--- Input data ---

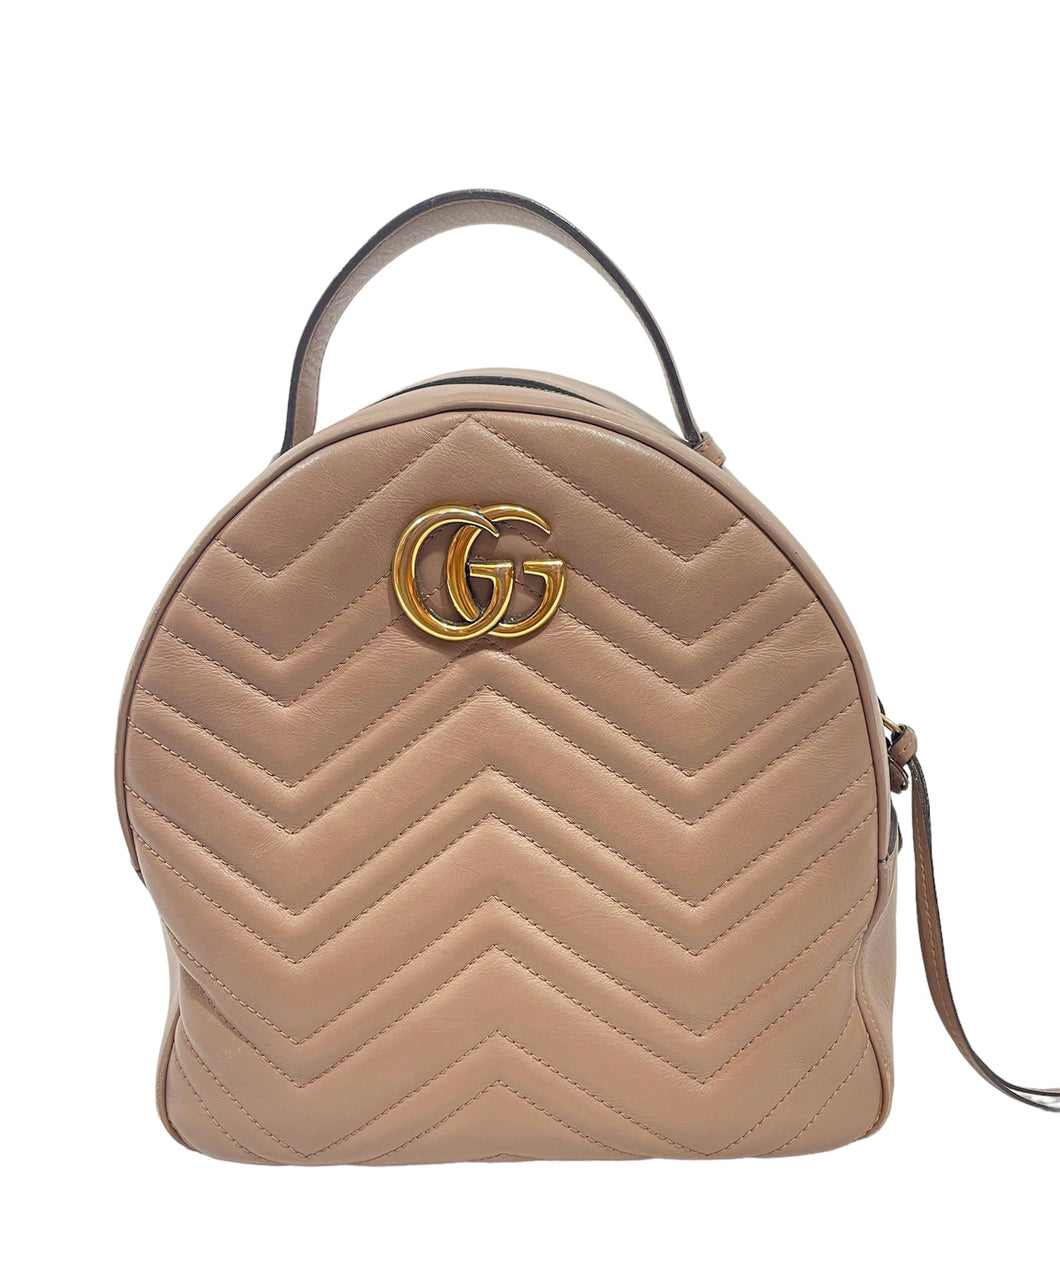 Gucci GG Marmont Backpack Matelasse Dusty Pink
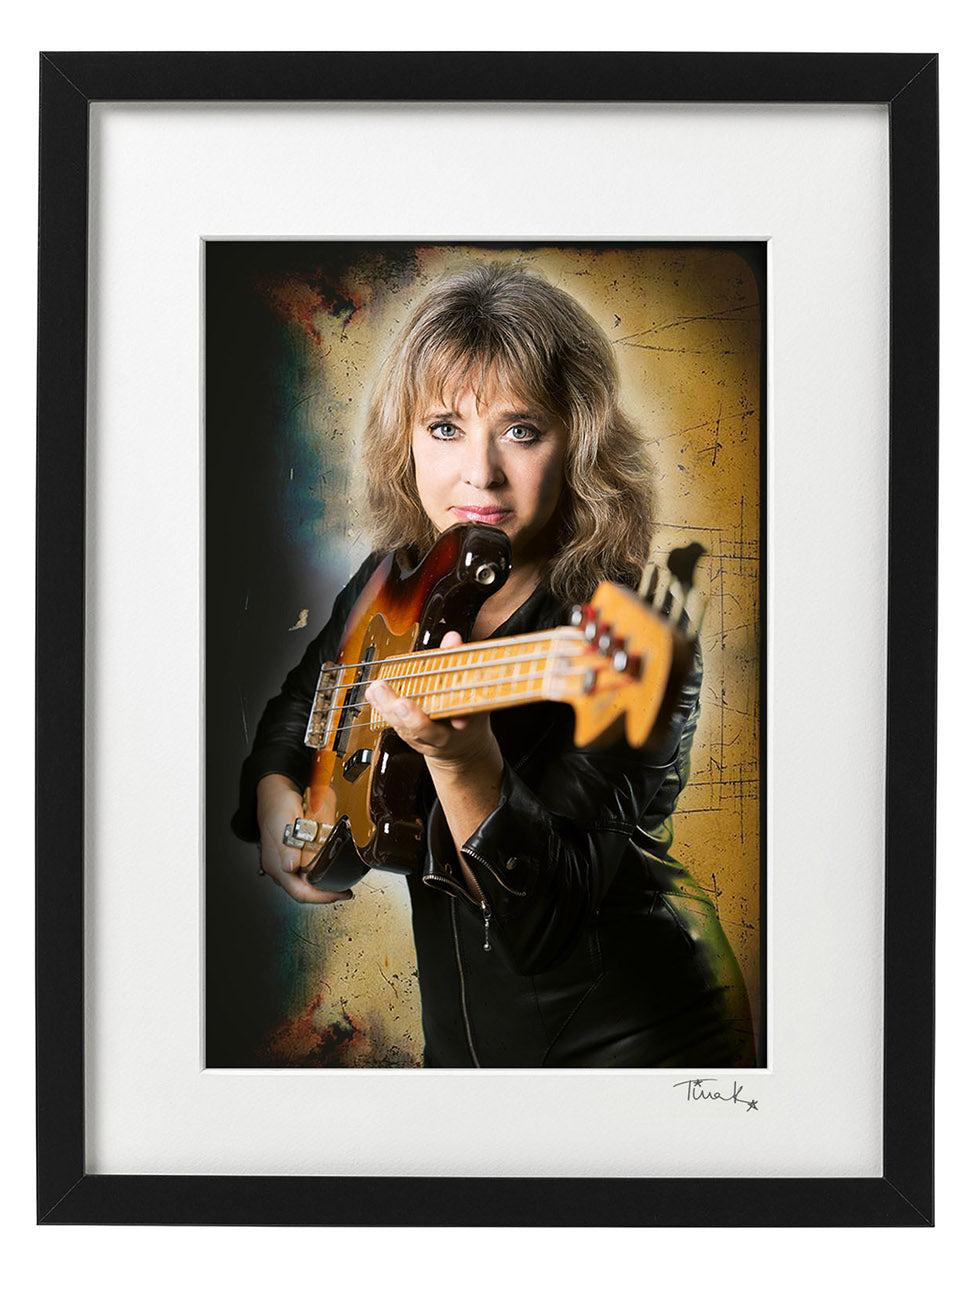 Poster print of rock singer and bassist Suzi Quatro in her leather jumpsuit or Tuscadero at her home in Essex in 2014.
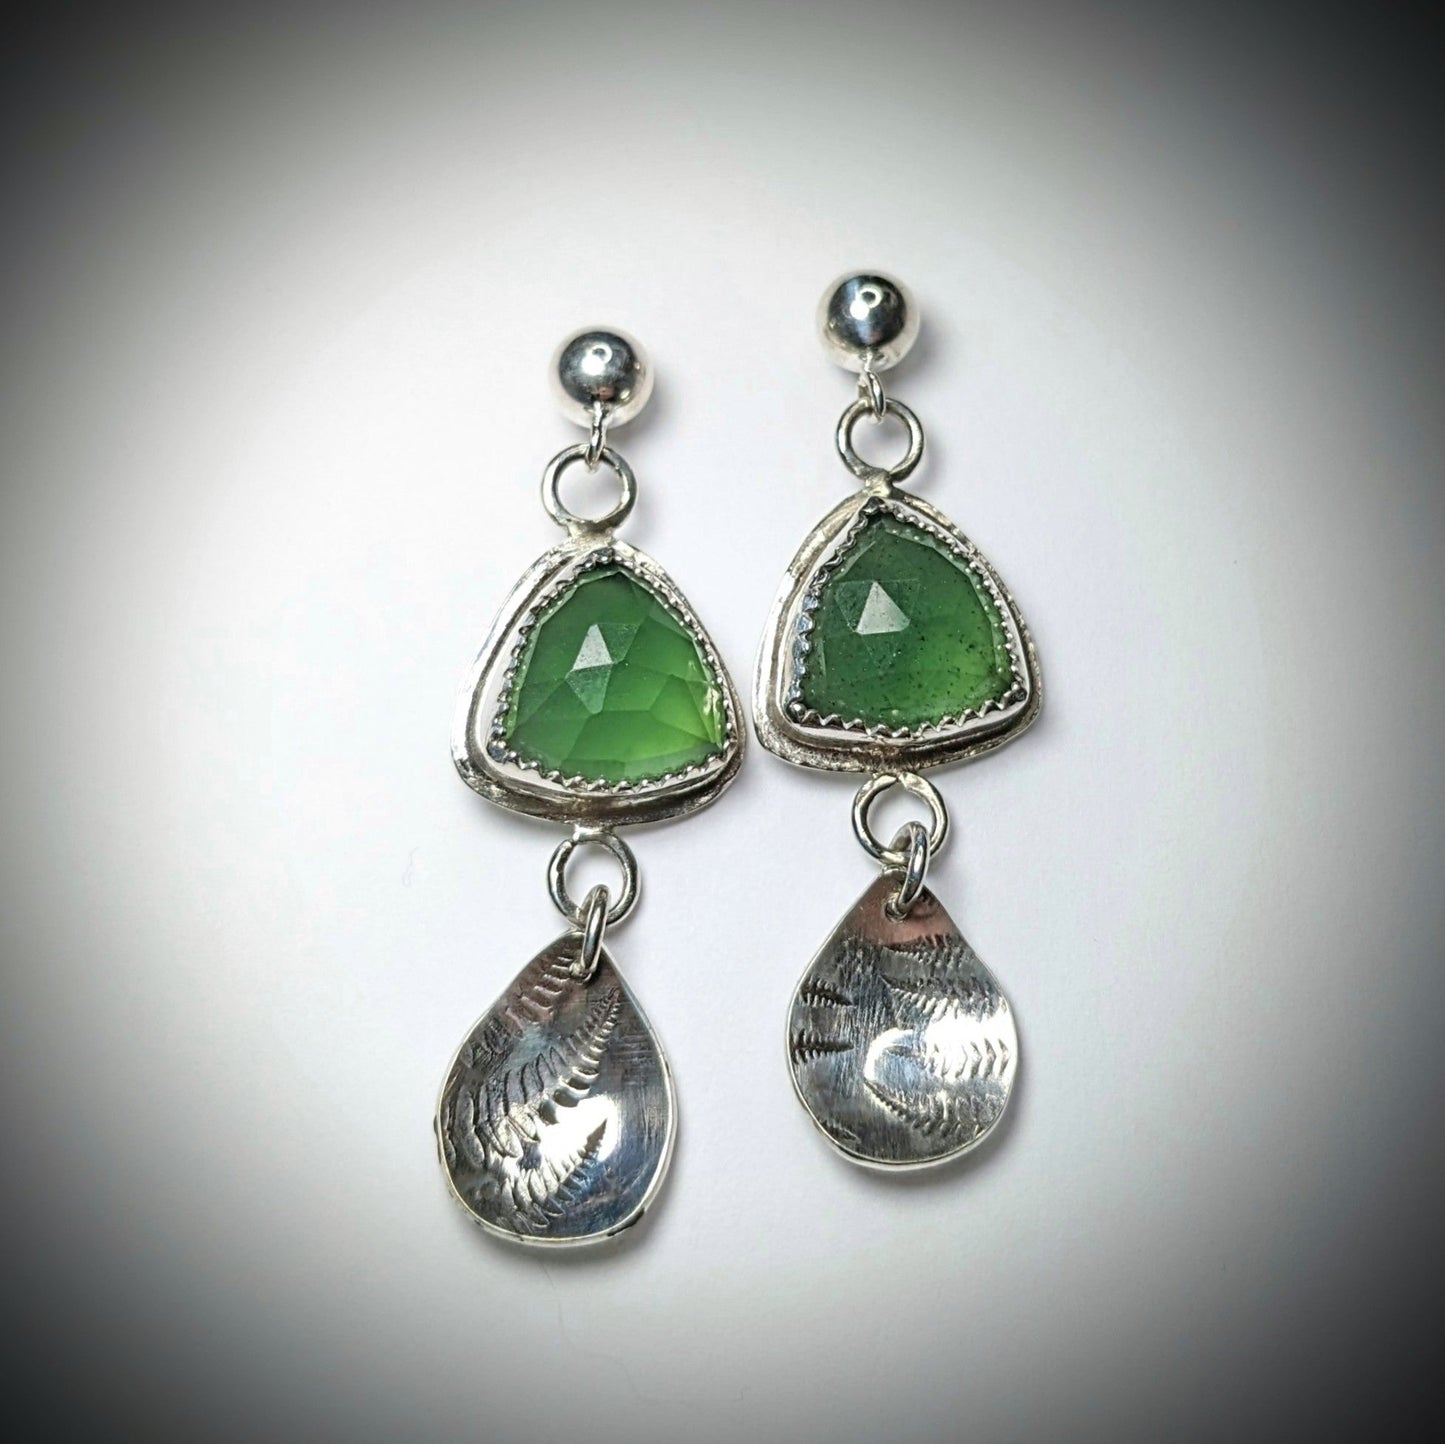 Serpentine and Ferns - Earrings No.1

---

#### Directions
To answer, repeat exactly the lines from the line containing "Poster print of" through the last line of the data above, leaving out all pictures.

#### Task solution
 Poster print of rock singer and bassist Suzi Quatro in her leather jumpsuit or Tuscadero at her home in Essex in 2014.
 Serpentine and Ferns - Earrings No.1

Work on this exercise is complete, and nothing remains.